I pay tribute to Incredible Edible, a group that the noble Baroness mentioned, which is a force of nature. If noble Lords want to see some really uplifting stories about what communities can do, they should go on its website. The point it makes on a regular basis is that, often, the land we are talking about is already in taxpayer ownership—owned by public authorities—but temporarily not doing very much and could be brought into use for a number of months or years, until its permanent use has been agreed and taken forward.
The noble Baroness was very uplifting with her stories of success, but I am a miserable soul. I will tell the Committee why this needs to be in law, rather than simply in admonition. I was involved very tangentially in an attempt to get a community growing scheme going in one of our major cities. It was led by a celebrity gardener, working with a group of local residents. It was exactly that: an acre or two for a shorter or longer period—however long it could be released—for a community in a particularly disadvantaged area to grow their own food and encourage young people to get involved. It was hugely flexible, and we did not much care where or how long for, provided that they could get started.
There were terrific words of support from the top end of the local authority but, three years later, they still had no land, so they gave up. Every plot that was identified had some reason or other why it could not be used. The lawyers got in the way and there were always health and safety and insurance issues, which became a morass that they could not get out of. However, it is great to hear from the noble Baroness, Lady Boycott, that there are lots of good examples, including from Incredible Edible.

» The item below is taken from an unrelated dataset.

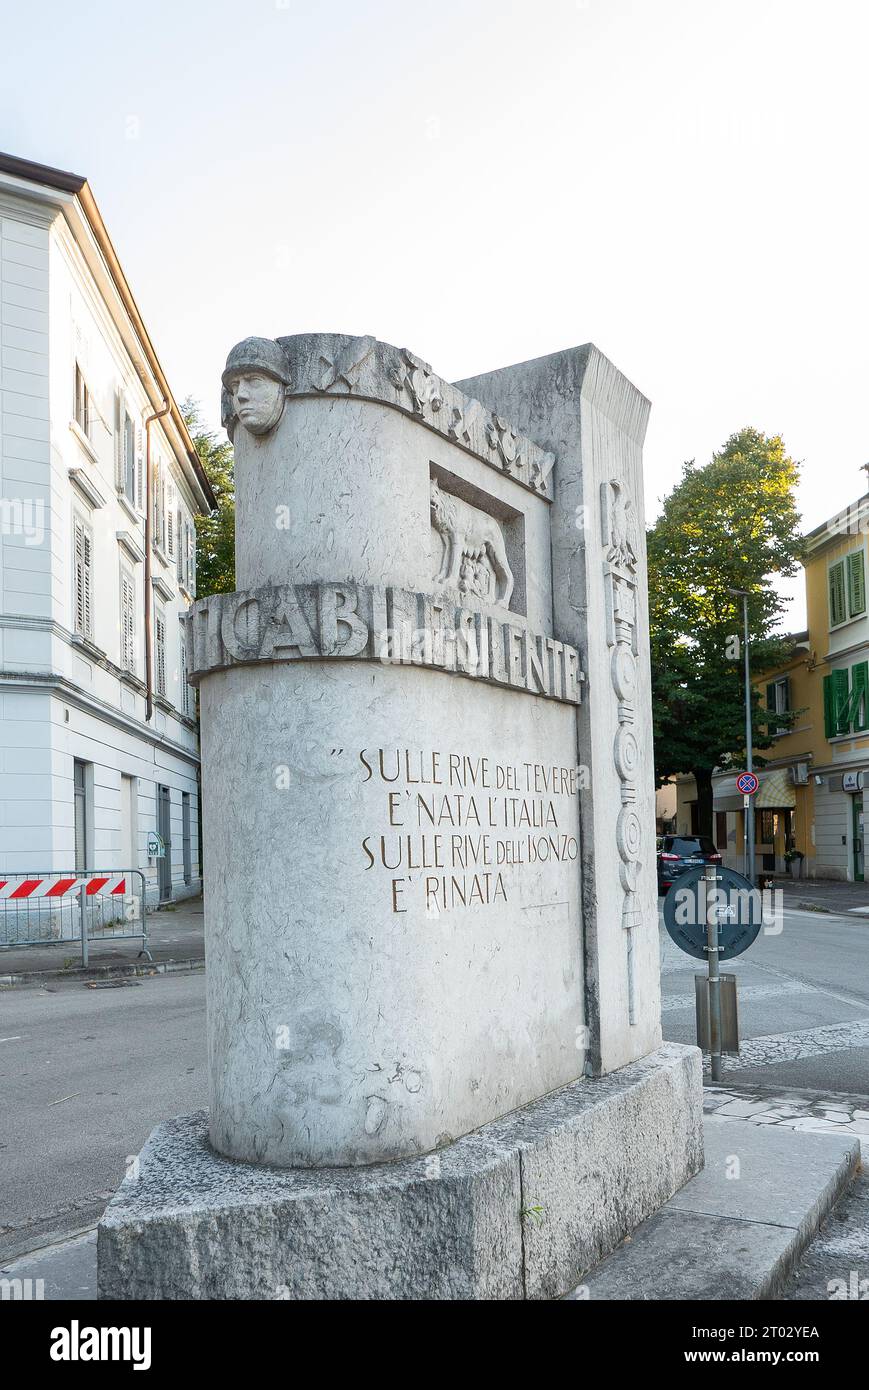 Gorizia, Italy - Stone monument of the Fascist Era dedicated to the battles of the italian army during WW1 on the river Isonzo (Soca) Stock Photo

This amendment would do a couple of things. First, it asks the local authority to do something very simple: to list the bits of land available on a transient basis that could be used for community cultivation, or even just for simple environmental improvement. Secondly, it could be underpinned by what the noble Baroness, Lady Boycott, called a “meanwhile lease”—something like a certificate of lawful use, a simple agreement between the local authority and the community gardeners that is standard across the country, has already been crawled over once by the lawyers and therefore does not need to be crawled over on every occasion and avoids the expense and slowing-down effect of lawyers being involved on both sides and every agreement having to be negotiated afresh. I hope that the Government will have a rush of blood to the head in this run-up to the bank holiday and support this amendment.
My Lords, as we enter this record-breaking 15th day in Committee on a Bill, I pay huge tribute to my noble friends on the Front Bench and noble Lords on the Opposition Front Bench for their considerable patience, humour and endurance.

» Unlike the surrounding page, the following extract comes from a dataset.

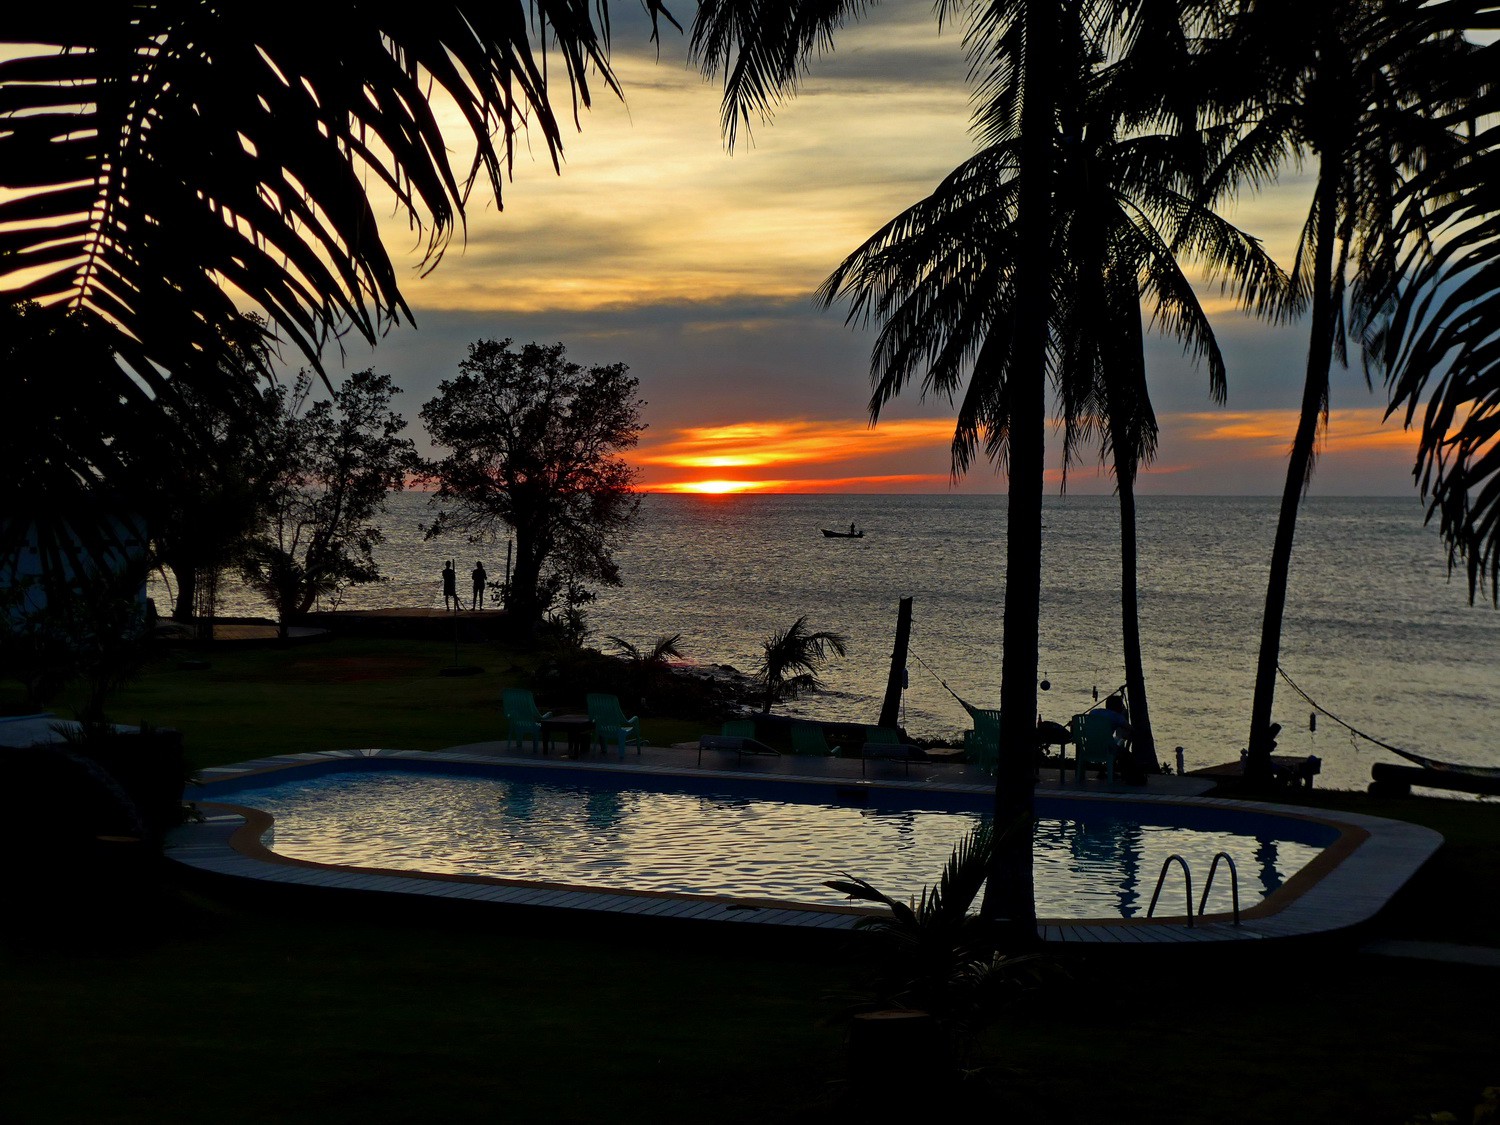 Sunset seen from our hostel The Elephant Bayresort in Bailan Beach

The sadness of this levelling-up Bill, which has not ground us down, is that there has been absolutely no give from the Government. I am not as hopeful as the noble Baroness, Lady Boycott, for this amendment, because I fear that the top right-hand corner of the Minister’s brief will say, “Reject”. If I may say so, that has not helped the process of this Bill. Perhaps a message could be sent back to the department that, if one wants to get the Bill through this House, there could be a little more understanding that a lot of the amendments, whether from the Opposition or our side, are there to constructively help the Bill, not destroy it. Because we do not divide in Committee, we will have to go through the whole process in a few weeks’ time on Report, which will be longer and more agonising than it might necessarily have been.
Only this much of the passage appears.